К книге
ЭстетикаПредисловия. Письмо г. маркизу Шипионе Маффеи, автору итальянской «Меропы» и многих других знаменитых сочинений[412]
93%
Предисловия. Письмо г. маркизу Шипионе Маффеи, автору итальянской «Меропы» и многих других знаменитых сочинений[412]
56

Сударь, те, у кого нынешние итальянцы и другие народы научились почти всему, греки и римляне, без пустых любезностей посвящали свои произведения друзьям и наставникам в искусстве. Как другу и учителю я и приношу Вам в дань французскую «Меропу».

Итальянцы, которые восстановили почти все изящные искусства, а некоторым положили начало, первыми при Льве X[413] возродили трагедию, а Вы, сударь, были первым, кто в век, когда искусство Софоклов начали изнеживать любовные интриги, часто чуждые сюжету, и унижать недостойные буффонады, порочившие утонченный вкус вашей нации, Вы были первым, говорю я, у кого хватило смелости и таланта создать трагедию без романической истории, трагедию, достойную Афин времен расцвета, в которой всю интригу составляет любовь матери, а самый трепетный интерес вызывает самая чистая добродетель.

Франция гордится «Гофолией», это шедевр нашего театра, это шедевр поэзии; из всех пьес, которые у нас играют, это единственная, где отсутствует любовь, но зато ее поддерживает возвышенность религии и величавое красноречие пророков.
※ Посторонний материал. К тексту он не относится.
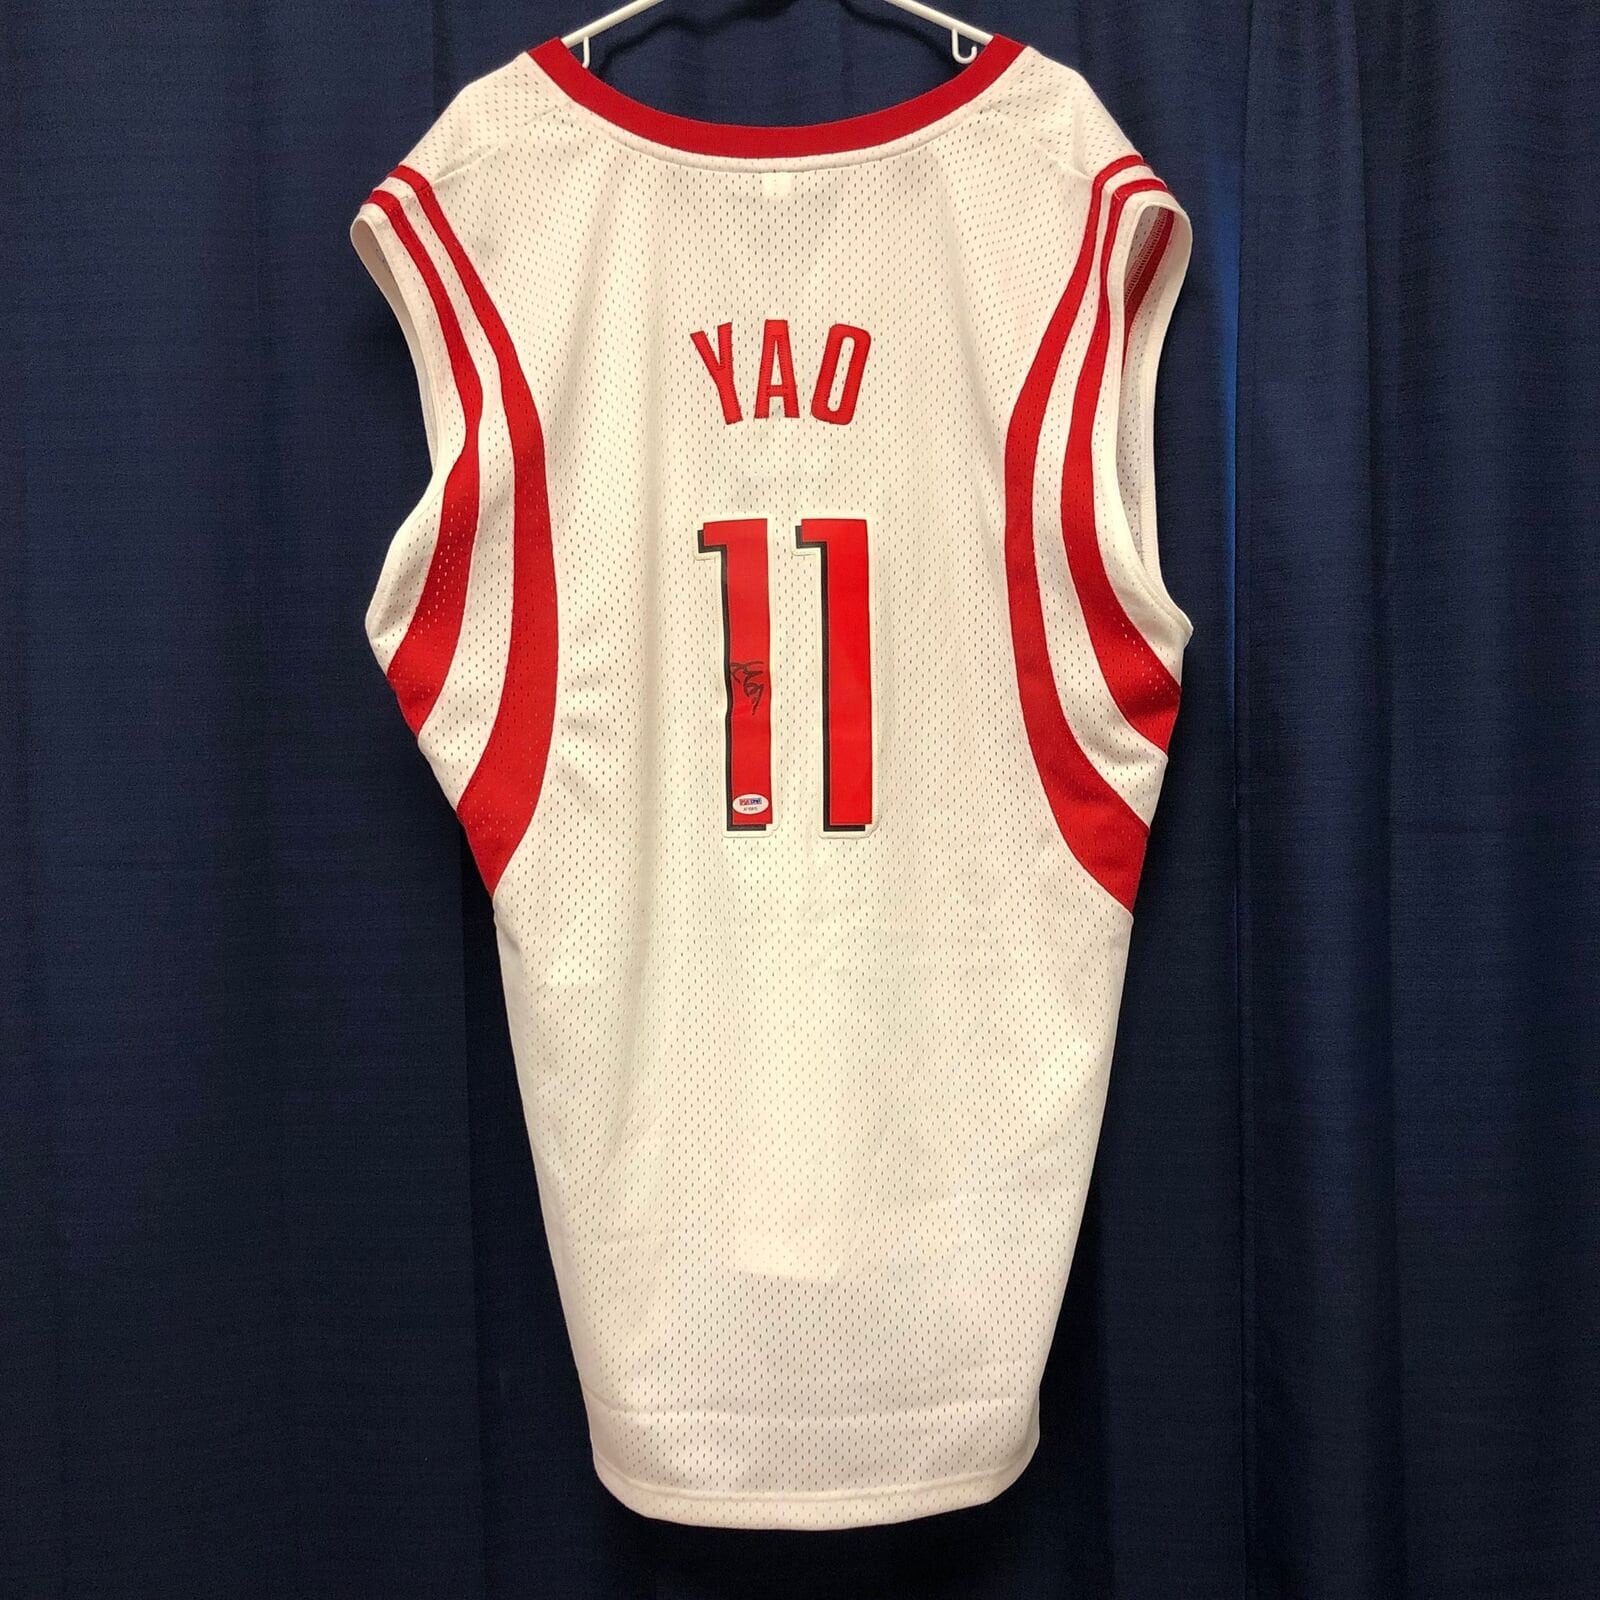 Nike Men's Houston Rockets Jabari Smith Jr. #1 Red Dri-Fit Swingman Jersey, XL

У Вас не было этих средств, и тем не менее Вы построили длинную анфиладу из пяти актов, которые так трудно заполнить без побочных эпизодов.

Признаюсь, Ваш сюжет кажется мне гораздо более интересным и более трагичным, чем сюжет «Гофолии», и если наш восхитительный Расин вложил в свой шедевр больше искусства, поэзии и величия, я не сомневаюсь в том, что Ваше творение исторгло куда больше слез.

Наставник Александра[414] (а властителям нужны такие наставники) Аристотель, сей великий ум, столь обширный, столь глубокий и столь просвещенный во всем, что в те времена было доступно человеческому разуму, Аристотель в своей бессмертной «Поэтике»[415] без колебаний говорит, что сцена, где Меропа и ее сын узнают друг друга, была самой интересной во всем греческом театре. Он отдавал этой неожиданной развязке предпочтение перед всеми другими. Плутарх рассказывает, что греки[416] со свойственной им чувствительностью дрожали от страха, как бы не опоздал старик, который должен был остановить руку Меропы. Эта пьеса, которую играли в его время и от которой до нас дошли лишь очень немногие фрагменты, казалась ему самой трогательной из трагедий Еврипида, но огромный успех Еврипида объяснялся не только выбором сюжета, хотя выбор сюжета весьма важен в любом жанре.

Во Франции не раз обращались к этой теме, но без успеха, быть может, потому, что авторы хотели внести в этот сюжет, отличающийся такой простотой, чуждые ему украшения. Обнаженную Венеру Праксителя они старались покрыть мишурой. Людям всегда надобно много времени, чтобы понять, что во всем великом должно возвращаться к простому и естественному.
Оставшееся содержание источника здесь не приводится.